4) Causal dynamic triangulation. This is a new product developed in 2000 by Rinate Loll.. It resembles the PCG in terms of the discreteness of space, but mainly deals with the evolution of space itself. One of the interesting properties of this theory is that time is also discrete. The theory implies 4-dimensional space-time (not postulated, but it follows), which at high energies turns into two-dimensional. It is based on the mathematical concept of a simplex, which is a multidimensional analogue of a triangle. 2-simplex is a triangle, 3-simplex is a tetrahedron, and so on. Interestingly, the principle of preservation of causality clearly follows from this theory. She may be able to describe gravity, but so far we are not 100% sure that the Standard Model of elementary particles can be pushed into it.

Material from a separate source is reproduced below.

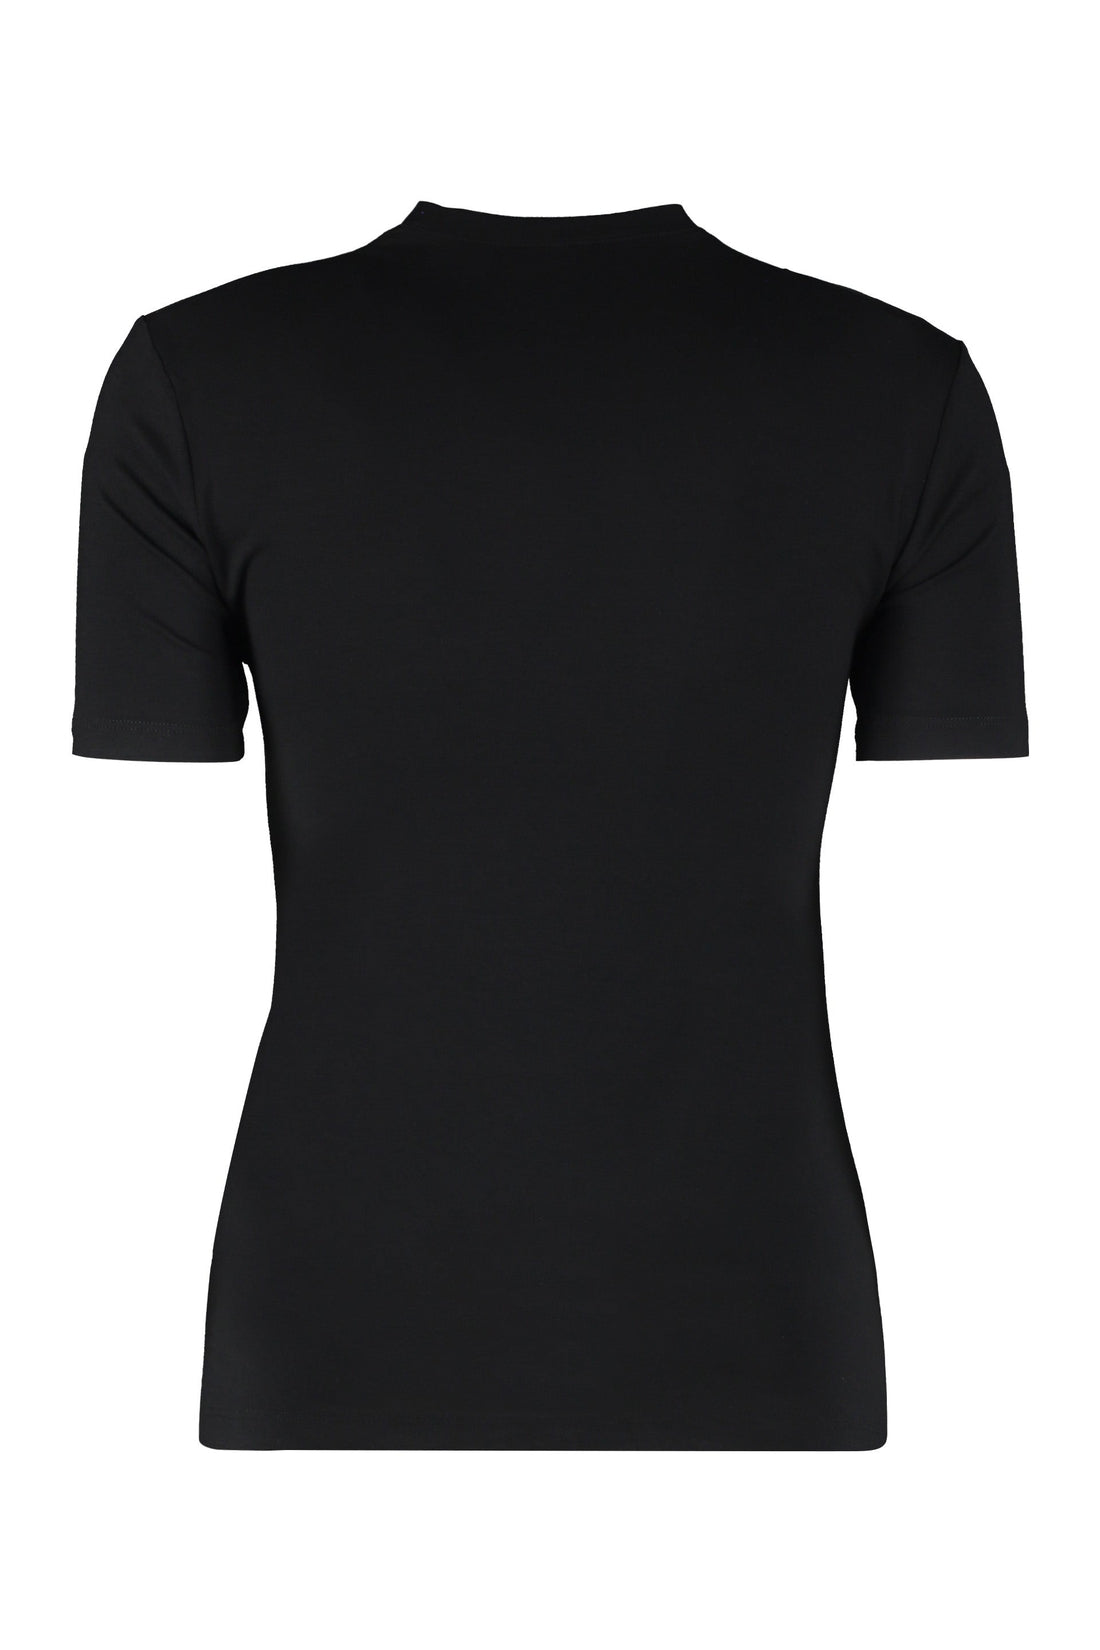 Versace-OUTLET-SALE-Logo crew-neck t-shirt-ARCHIVIST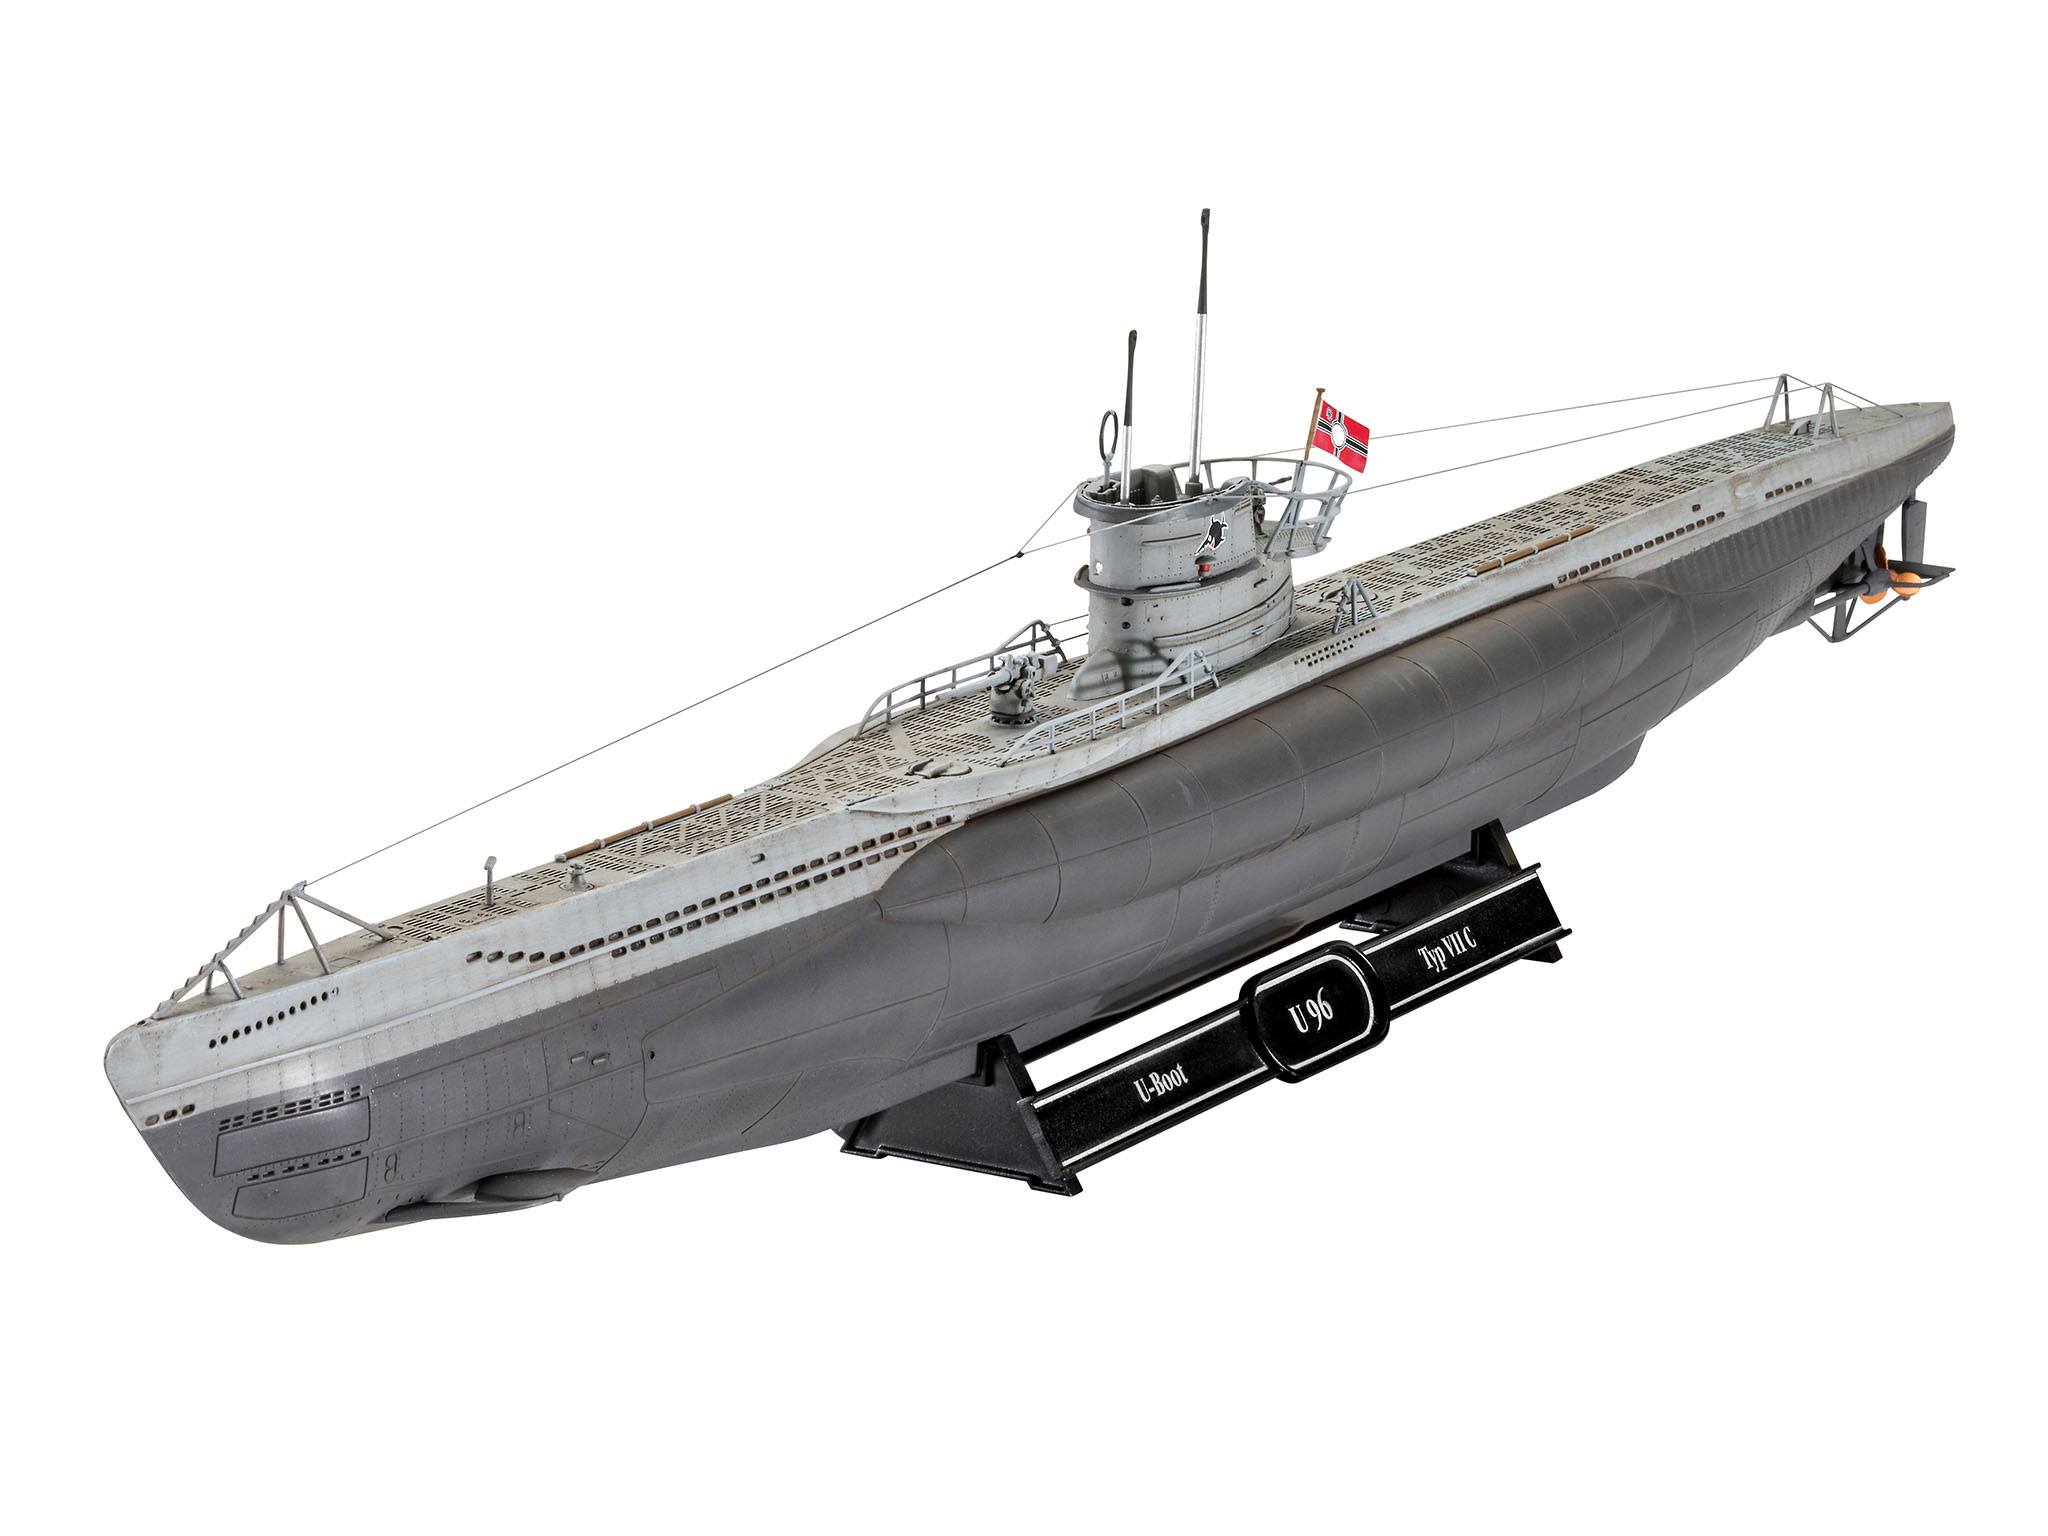 Das Boot Modellbausatz Geschenk-Set 1/144 U-Boot U96 Typ VII C 40th Anniversary 46 cm

5) Induced gravity. The most speculative and recent theory that became known in 2009, when Eric Verlinde proposed the theory of entropy gravity - a model where gravity is not the main force, but follows from a phenomenon associated with entropy. The seeds of this theory go back to the discovery of conditions for the emergence of baryonic asymmetry of the universe, to the concept of Andrei Sakharov, proposed by him in 1967. The theory is too new to ask much from it.



Well, what do we have today regarding the issue of quantum gravity. We need it to make the universe work at particle levels, but we do not know how it looks and whether any of the theories described will play. String theory is the most studied of all, asymptotically safe gravity is my favorite, loop quantum gravity is the second most popular of the five, and causal dynamic triangulation and induced gravity are new theories that are now being actively developed.